Below this line is a listing that includes pictures. Copy exactly, and only, the lines from the one containing "solde - Chaussures" through the one containing "Gripper Handle Gurkha"; the pictures do not go in the copy.

(Beginning of SUPPLIED DATA)

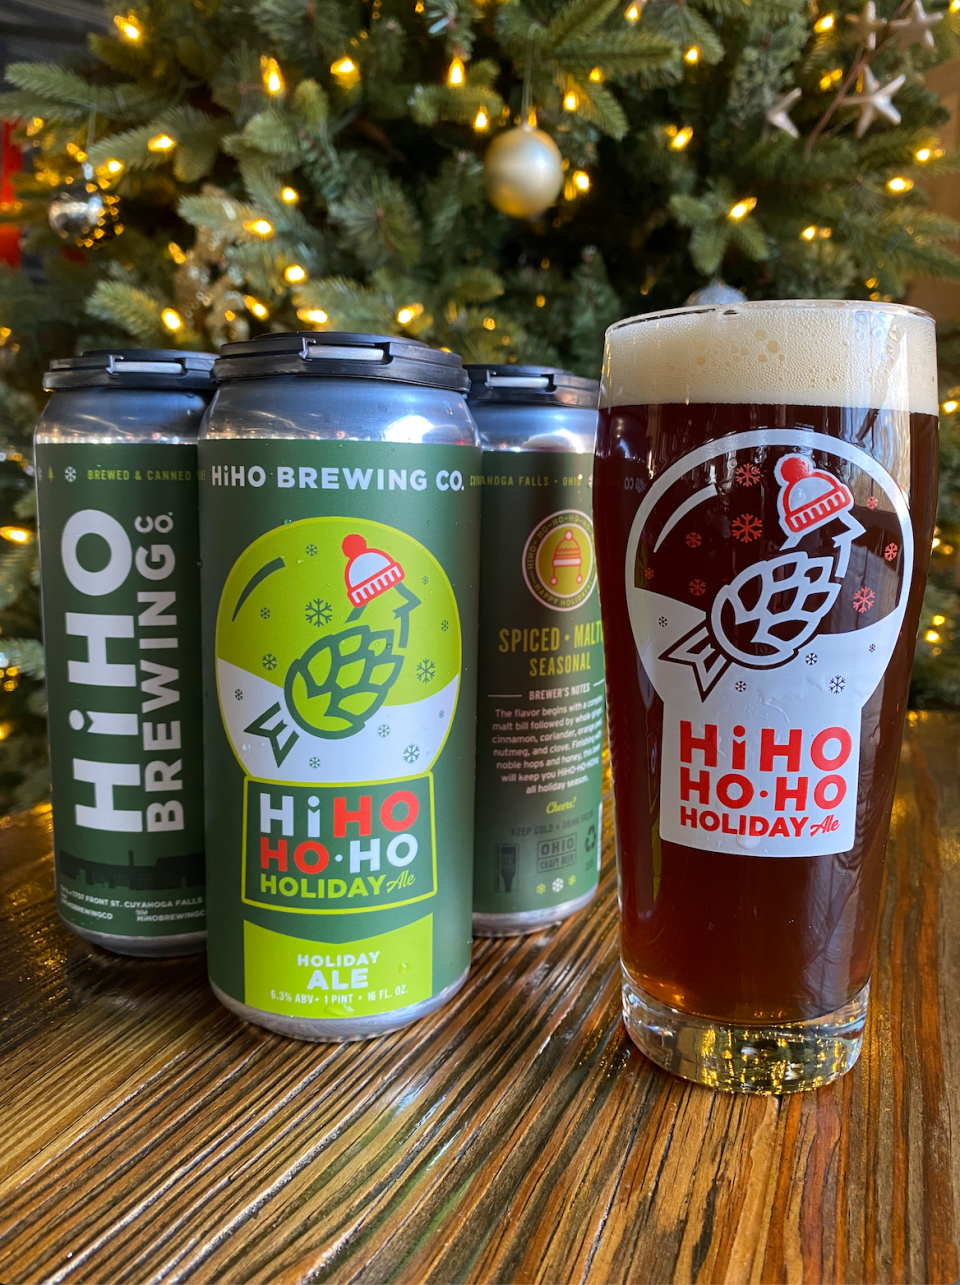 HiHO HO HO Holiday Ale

(End of SUPPLIED DATA)
(Beginning of SUPPLIED DATA)

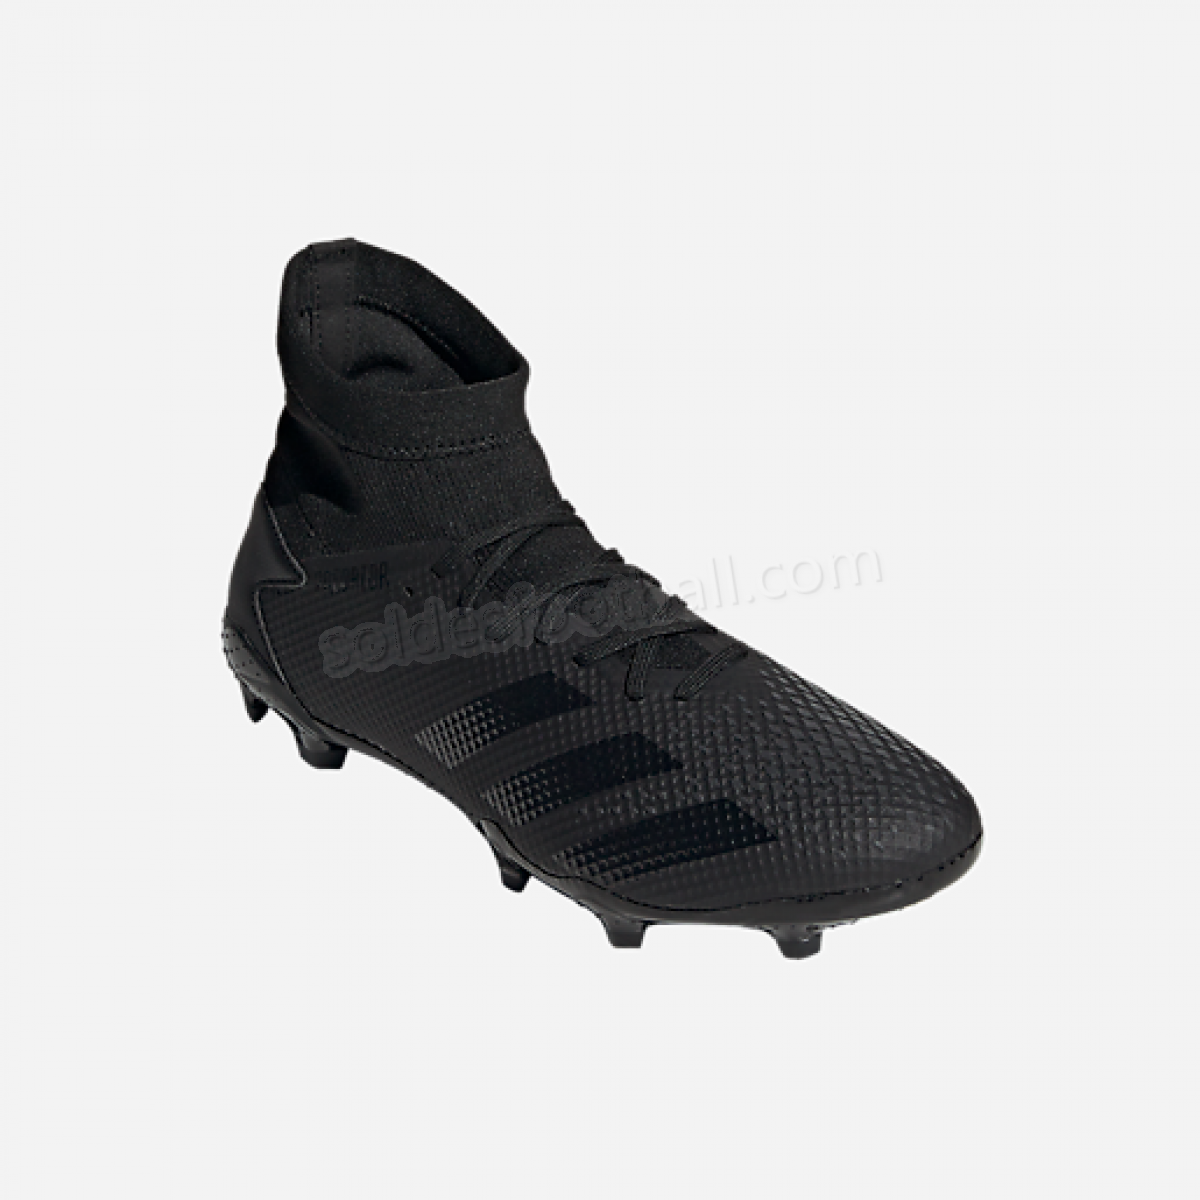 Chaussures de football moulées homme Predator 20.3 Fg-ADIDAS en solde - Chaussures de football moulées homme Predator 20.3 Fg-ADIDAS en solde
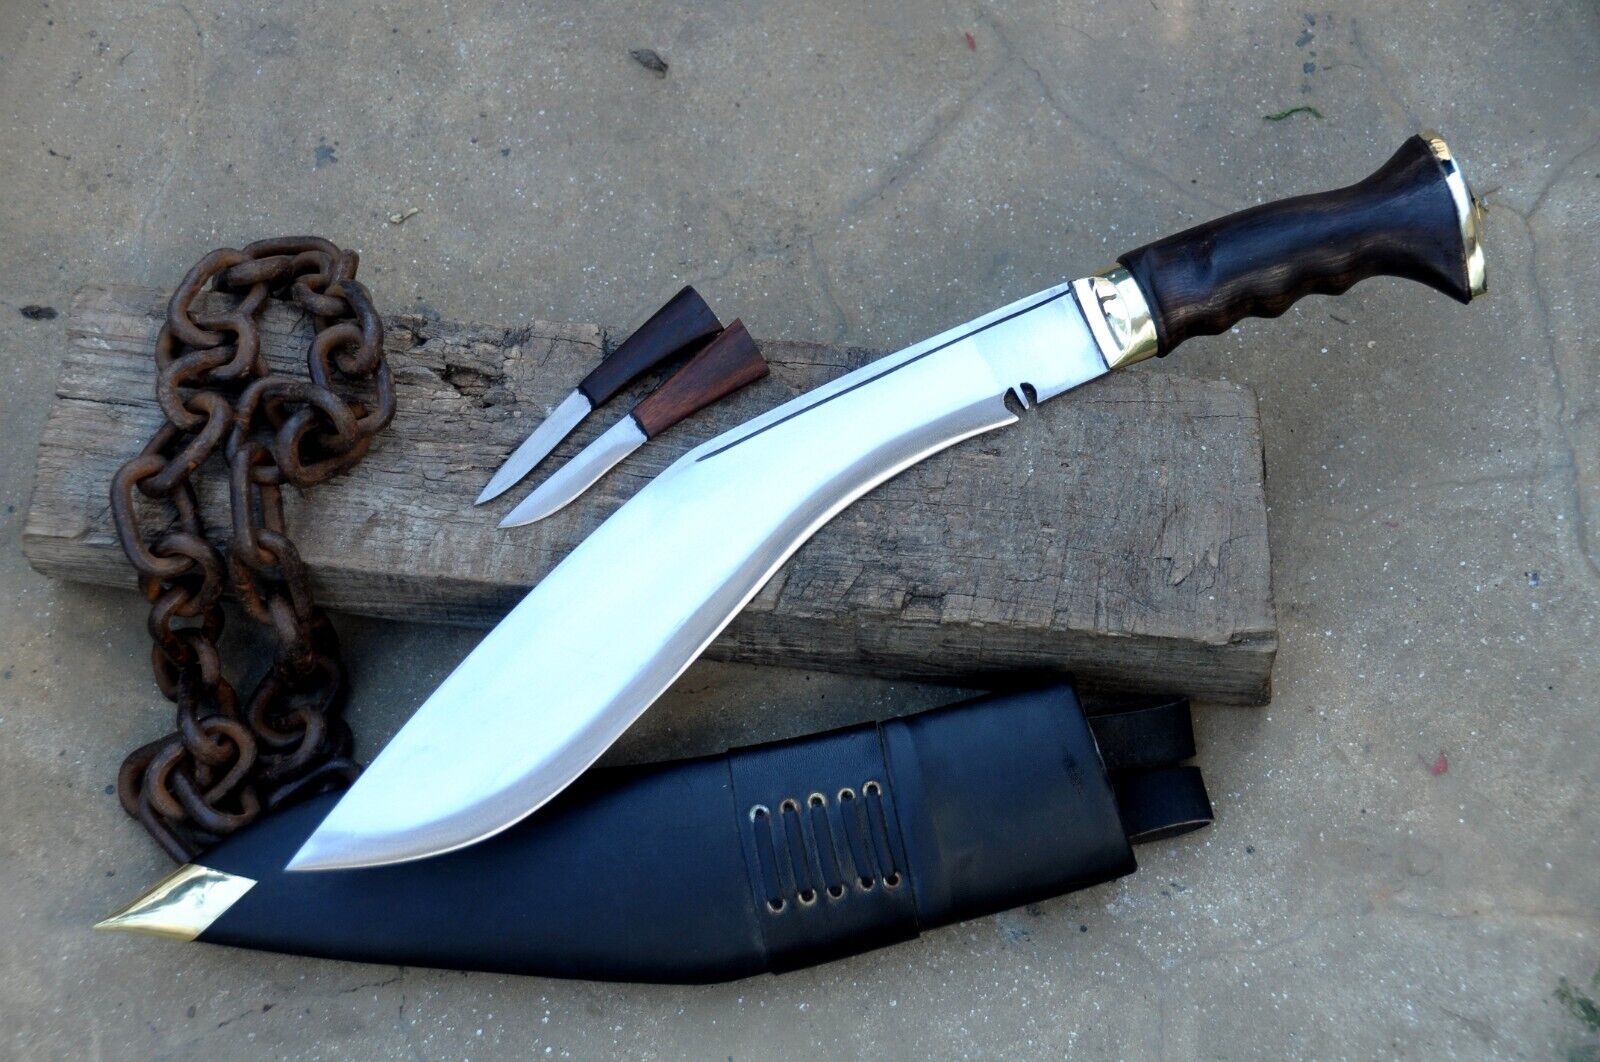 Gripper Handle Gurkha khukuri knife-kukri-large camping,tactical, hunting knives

(End of SUPPLIED DATA)

RESPONSE:
 Chaussures de football moulées homme Predator 20.3 Fg-ADIDAS en solde - Chaussures de football moulées homme Predator 20.3 Fg-ADIDAS en solde
 Gripper Handle Gurkha khukuri knife-kukri-large camping,tactical, hunting knives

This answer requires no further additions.